È uma pena ver o fim da carreira dos maiores, parece que pedaços do que nos construiu como fã de MMA vai ficando pra trás, mas se era para ele acabar caindo, se sua última luta seria uma derrota, não poderia o destino ter sido mais generoso conosco do que esculpi-la com a faca do pé de Lyoto Machida.
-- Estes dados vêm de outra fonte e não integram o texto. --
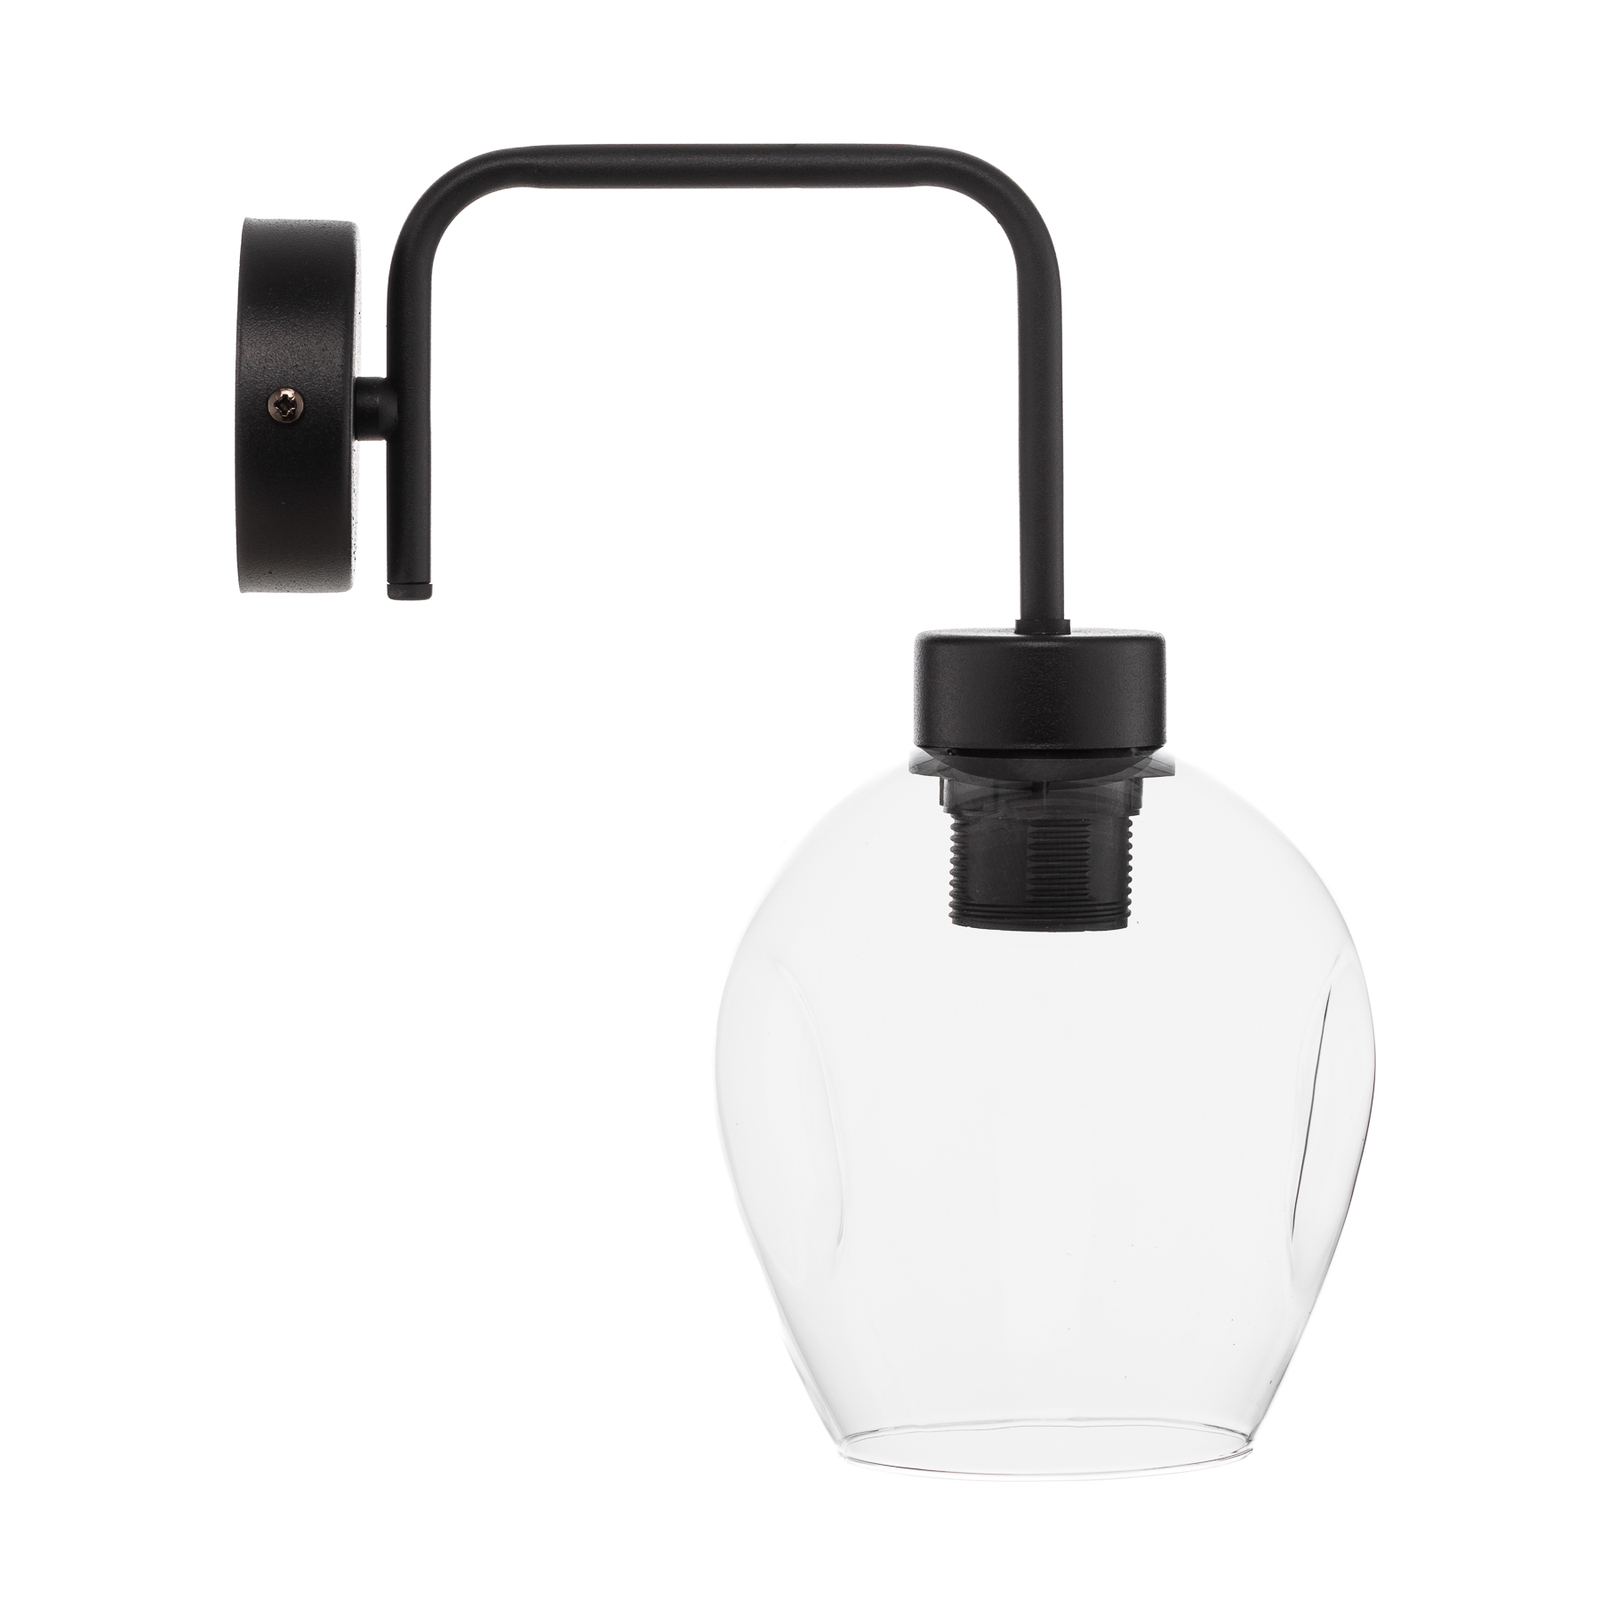 Lukka wall light, one-bulb, black/clear

Sobre os maiores a marreta da expectativa desce mais pesada e Lyoto vinha tendo que absorver duros golpes da mídia, fãs e organização do UFC. Sua performance atrapalhada contra Shogun e a falta de objetividade contra Rampage o colocaram numa situação complicada. Estaria ele fazendo o que sempre fez, só que decodificado, ou estaria lutando mal mesmo? Teria ele um estilo tão preciso que não permite excessos? A questão é que Couture foi oferecido a Lyoto como boi de piranha. Se ele não vencesse um lutador estático e quase aposentado, seria cortado do UFC. Luta entre o jovem e fantástico e o antigo e previsível. Quando a vitória parece clara, a questão é como ela vai acontecer. Lyoto mostrou para Anderson Silva o que deveria ter feito contra Maia se achava-se tão superior.

Quando Lyoto está calmo vê os adversários quadro a quadro. Cada pequena brecha vira rombo e despejou talento num nível que não vemos sempre nem nesse esporte que é tão apaixonante. Quem acha que o chute que colocou um ponto final na carreira de Couture é simples, talvez tenha assistido karate kid demais quando criança. Um chute desses passar raspando, acertar com o dedão, contundir mas não derrubar e todas as variações mais prováveis são o que vemos em tantas tentativas dentro dos octagons. Youtube é testemunha, mas contra um lutador tão experiente, que já tinha começado a esquiva para o lado, estava com a cabeça alta e a uma distância aparentemente segura, só sendo gênio. Em MMA presenciamos performance dos maiores atletas do planeta em vários aspectos e Lyoto mostrou a diferença entre faixa preta e mestre. Em um dos mais bonitos e violentos golpes do esporte Machida renasceu nesse UFC 129.